··· Dataset excerpts

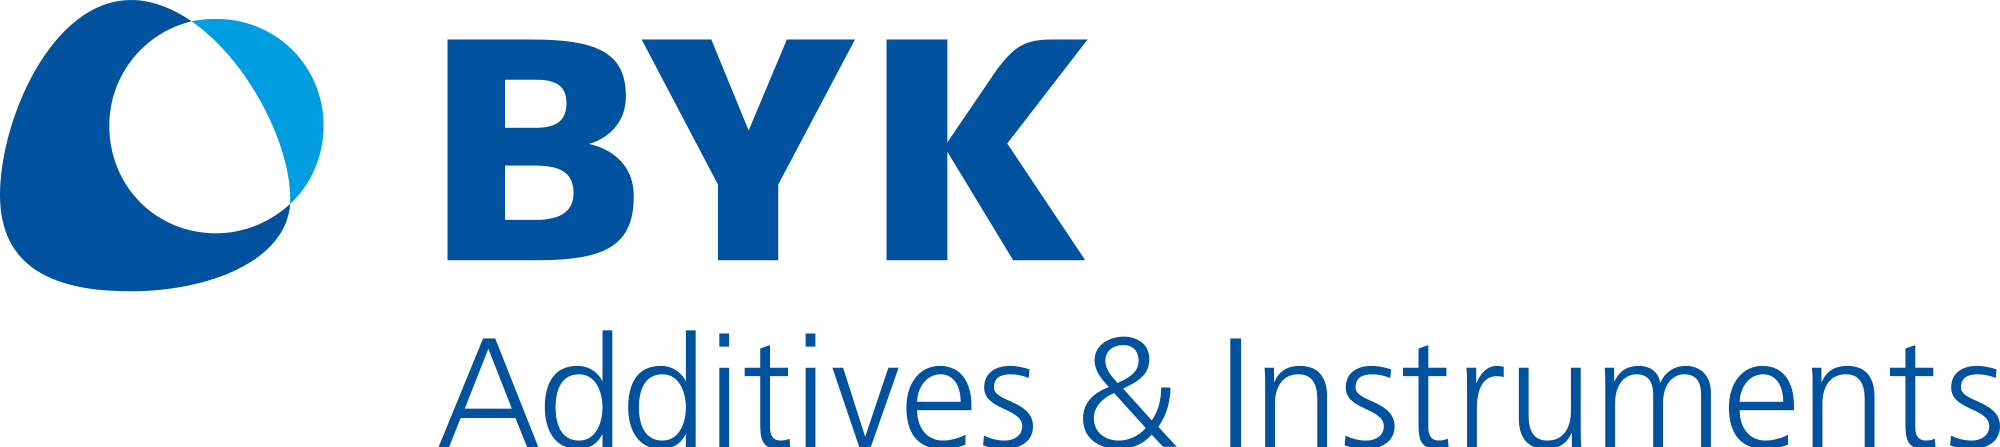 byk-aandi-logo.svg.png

······
··· Dataset excerpts

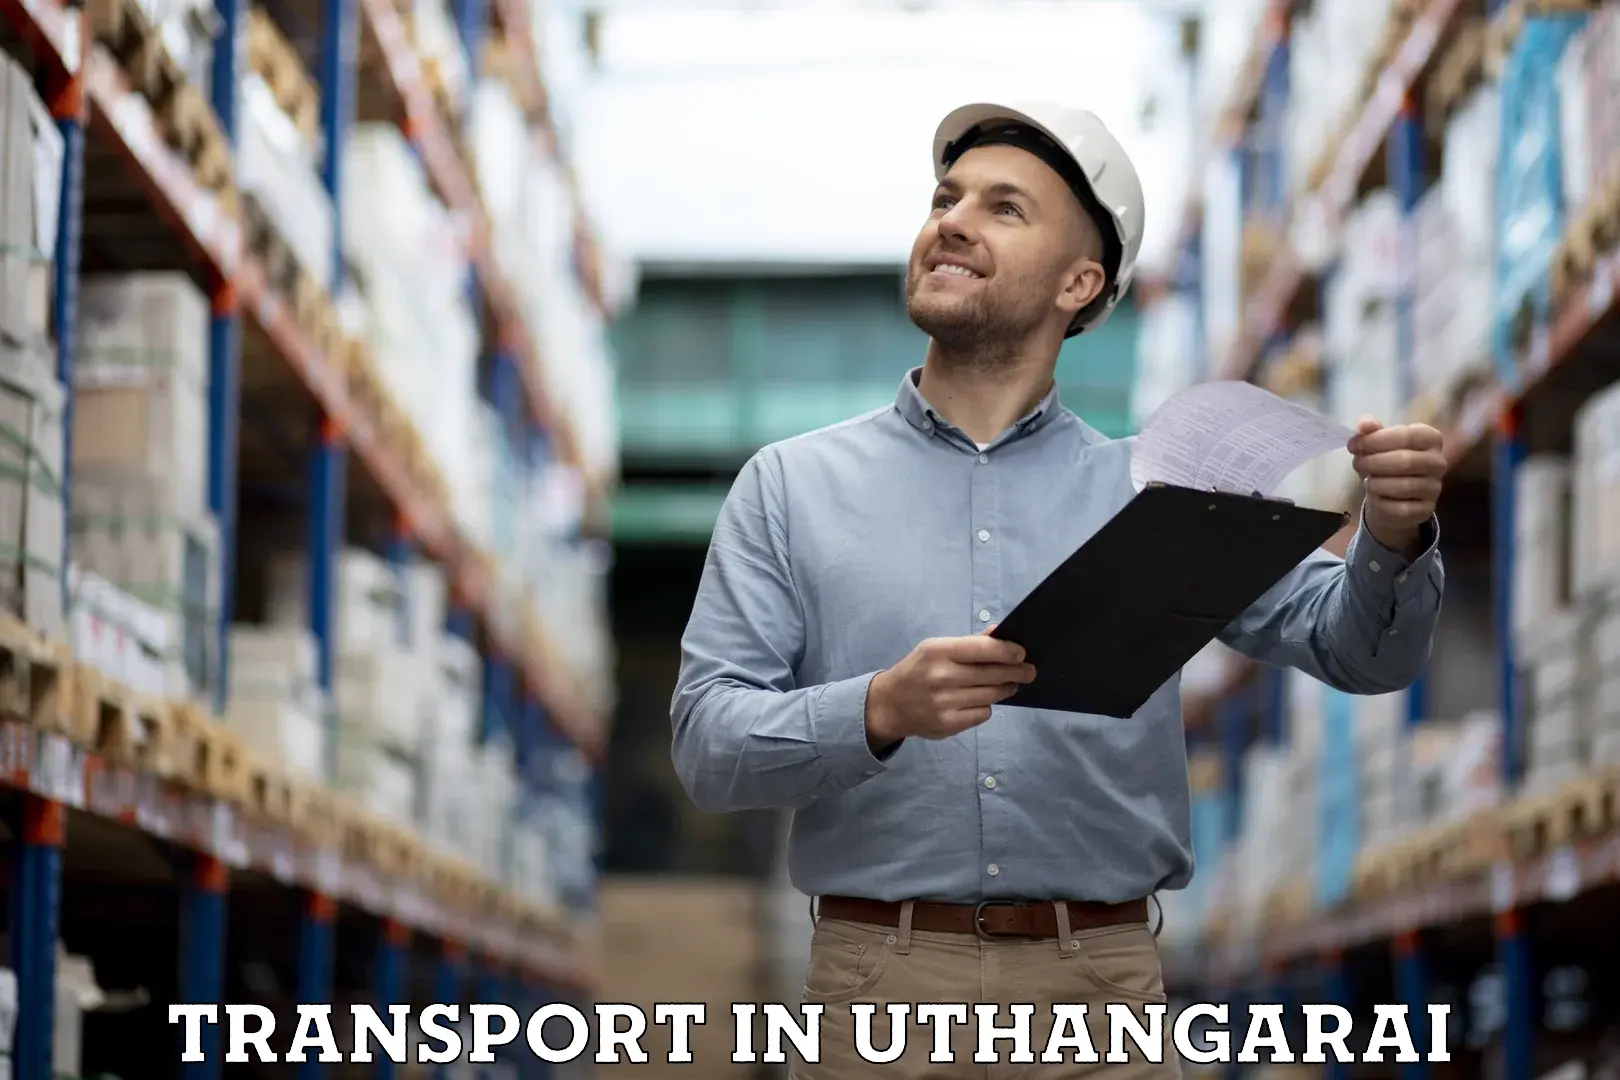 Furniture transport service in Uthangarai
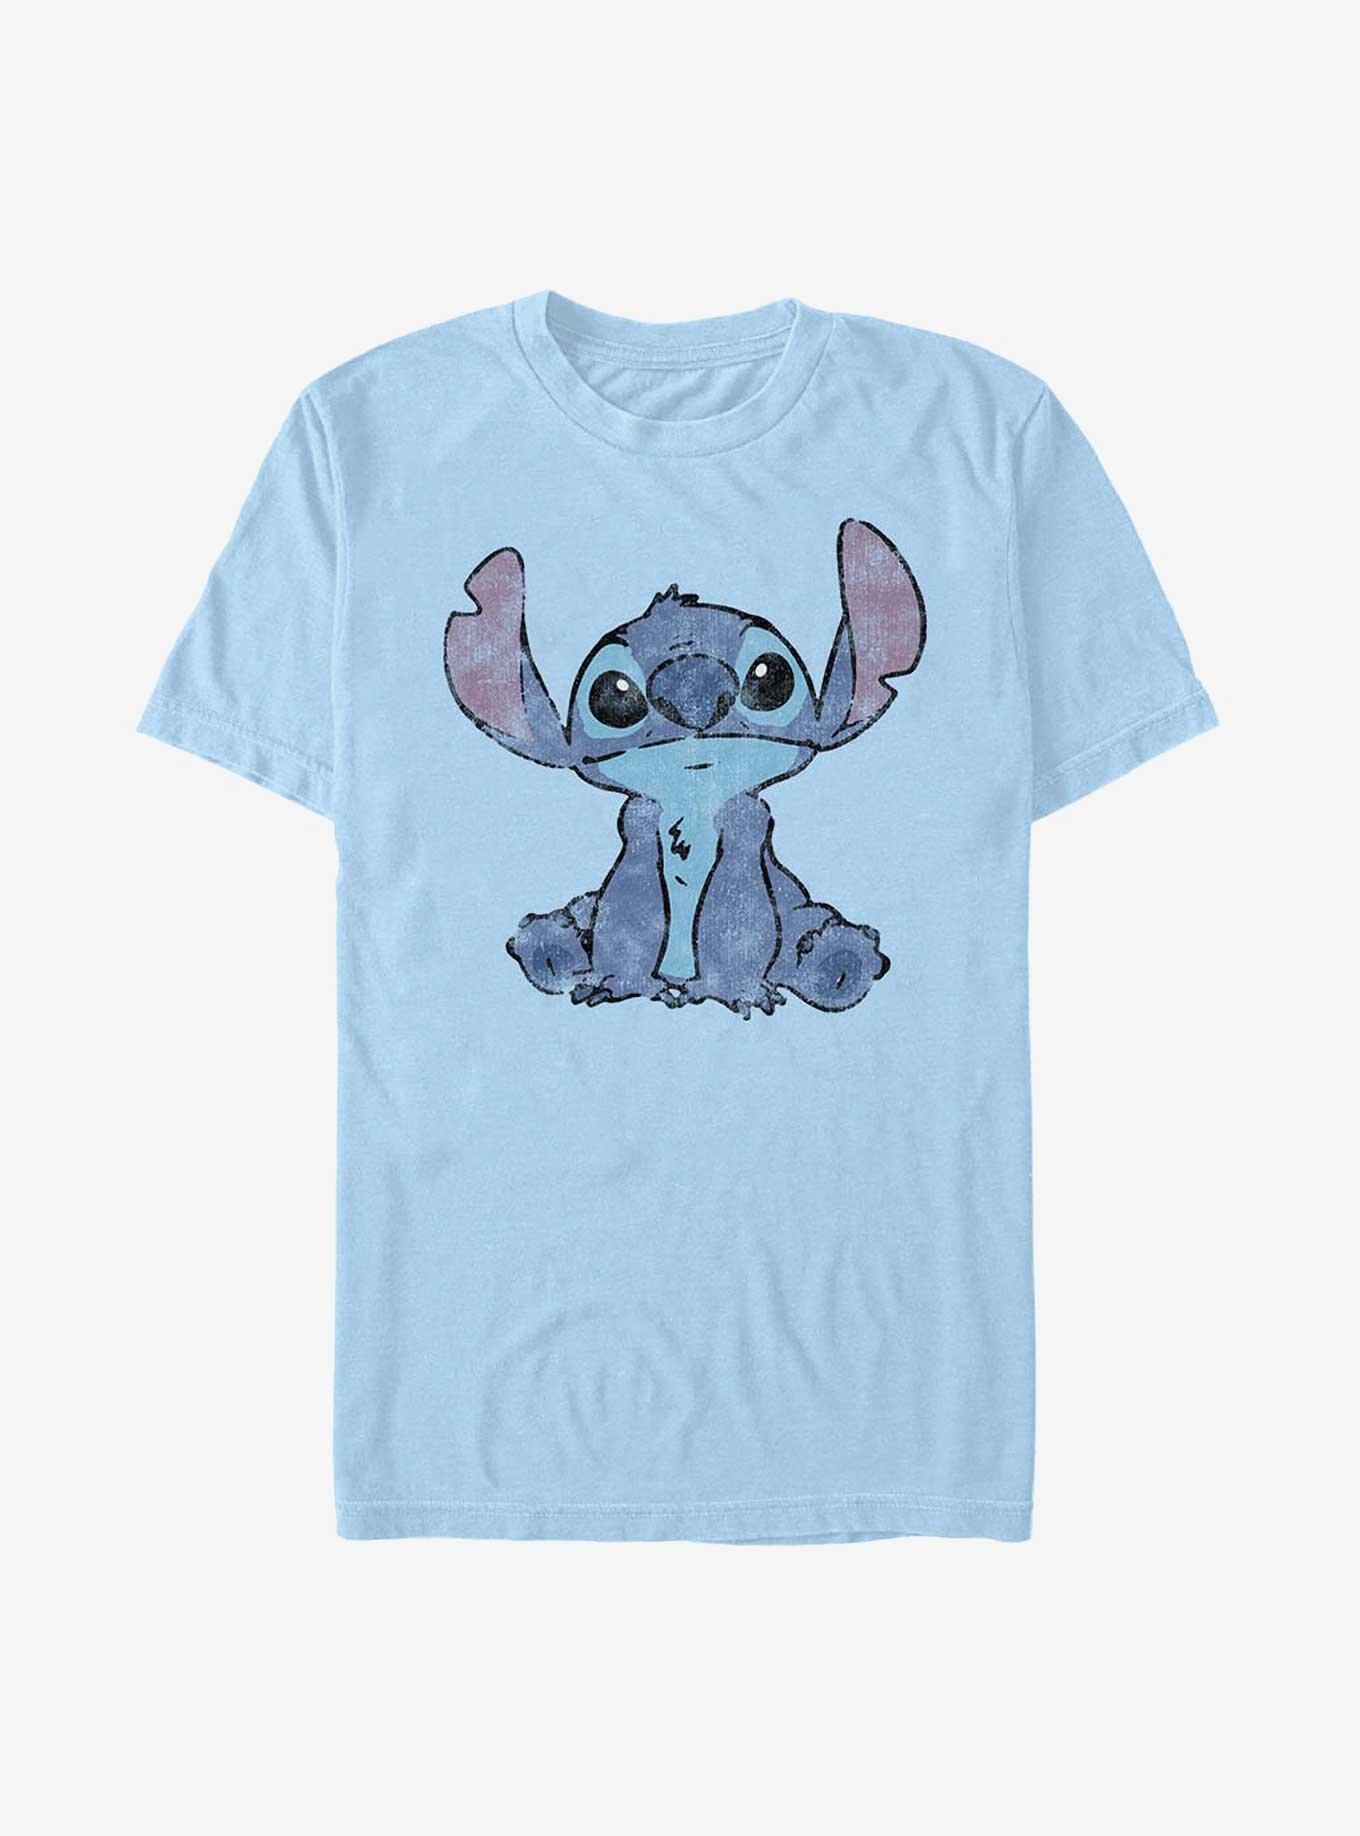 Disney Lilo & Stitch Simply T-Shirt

······

Task requirements ▸ An exact copy is needed of the stretch above that opens with the line containing "Furniture transport service in Uthangarai" and closes with the line containing "Disney Lilo & Stitch Simply T-Shirt"; the pictures are not part of it.

Answer to this task ▸
 Furniture transport service in Uthangarai
 Disney Lilo & Stitch Simply T-Shirt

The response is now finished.